Таким образом, жертва отмечена, и собственной рукой. Спешка обязательна: убийство Шатова должно опередить его донос.

Мы должны восхищаться искусством Достоевского в этом, потому что, постоянно увлекаясь своим энтузиазмом обсуждать его идеи, я боюсь, что слишком пренебрег его удивительным мастерством в изложении.

На этом этапе повествования происходит поразительная вещь, которая поднимает особую художественную проблему. Это общее место, что после определенного момента в развитии сюжета ничто не должно отвлекать внимание: события должны двигаться быстрее и вести прямо к окончательному исходу. Что ж, именно в этот момент, когда действие вступило в фазу максимальной быстроты, Достоевский умудряется ввести самые поразительные прерывания. Он осознает, что внимание читателя настолько напряжено, что все приобретет важность, несоразмерную с остальным. Зная это, он не колеблется отвлекать внимание от основного хода событий резкими модуляциями, которые развивают его самые заветные идеи. В ту самую ночь, когда Шатов должен стать доносчиком или быть убитым, его жена, которую он не видел годами, внезапно появляется в его доме. Ее время пришло, но сначала Кириллов не осознает ее состояния.

При неадекватном обращении эта сцена могла бы стать гротескной. Она входит в число лучших в книге. На театральном жаргоне ее назвали бы «служебной», в литературе — «заплаткой», но это именно одно из редчайших проявлений мастерства Достоевского. Как и Пушкин, он мог бы сказать: «Я никогда не относился ни к чему легкомысленно», что является отличительной чертой великого художника, использующего все, превращающего недостаток в возможность. На этом этапе темп должен замедлиться, и каждая деталь, которая может остановить события в их стремительности, приобретает высшую важность. Отрывки, где Достоевский описывает прибытие, без предупреждения, жены Шатова, разговор между мужем и женой, вмешательство Кириллова и быстрое установление близости между двумя мужчинами, составляют, пожалуй, самую трогательную главу в книге. Мы снова удивляемся полному отсутствию ревности, которое я обсуждал с вами в прошлый раз. Шатов знает, что его жена собирается родить ребенка, но отец этого ребенка, которого она ждет, даже не упоминается. Шатов поглощен любовью к этому страдающему существу, которое может найти только слова, что ранят.

«Только этот факт [т.е. возвращение его жены] спас мерзавцев от того, чтобы Шатов осуществил свое намерение, и в то же время помог им избавиться от него. Прежде всего, это взволновало Шатова, выбило его из привычной колеи и лишило его обычной проницательности и осторожности. Любая мысль о собственной опасности была бы последним, что пришло бы ему в голову в этот момент, когда он был поглощен столь другими соображениями».

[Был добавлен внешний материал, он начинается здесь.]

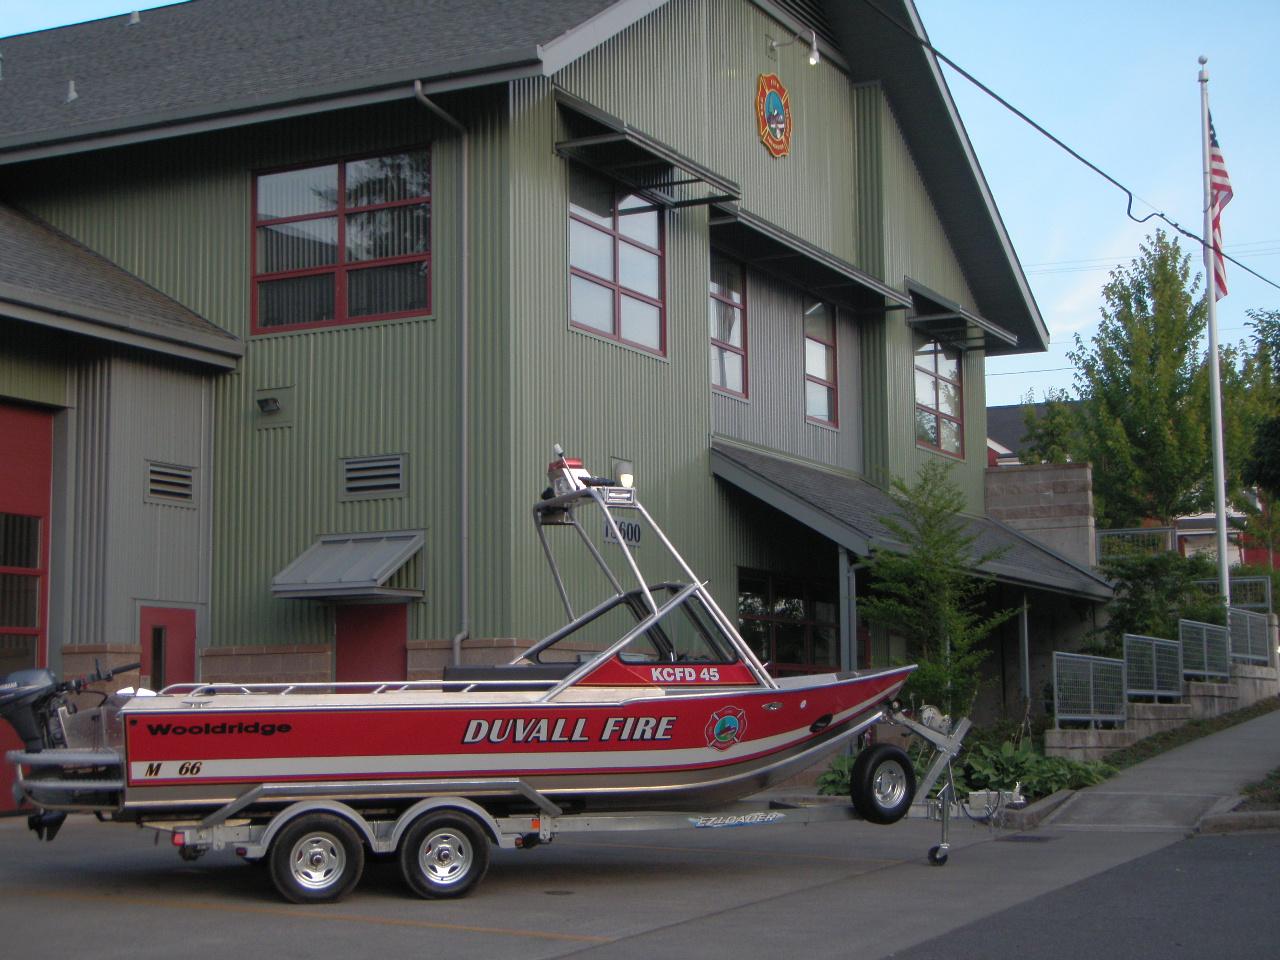 Marine 66 - New 008

Но вернемся к Кириллову: время близко, когда Петр Степанович рассчитывает на личную выгоду от самоубийства другого человека. Какие основания у Кириллова покончить с собой? Петр Степанович расспрашивает его: у него нет ясного представления, и он неуклюже пытается докопаться до истины. До последней минуты он в ужасе, как бы Кириллов не передумал и тем самым не ускользнул от него. Но нет!

— Не отложу. Я хочу убить себя сейчас, — говорит Кириллов.

Разговор между Верховенским и Кирилловым особенно неясен, неясен даже в уме самого Достоевского. Как мы отмечали ранее, Достоевский никогда не выражает свои идеи как идеи в чистом виде, а всегда через посредство своих персонажей, которые становятся их интерпретаторами. Кириллов находится в крайне необычном патологическом состоянии, ибо через мгновение-другое он собирается покончить с собой, и его речь взволнована и бессвязна. Нам остается распутать в ней ключ к собственной мысли Достоевского.

Идея, которая побуждает к самоубийству Кириллова, носит мистический характер и закрыта для понимания Петра Степановича.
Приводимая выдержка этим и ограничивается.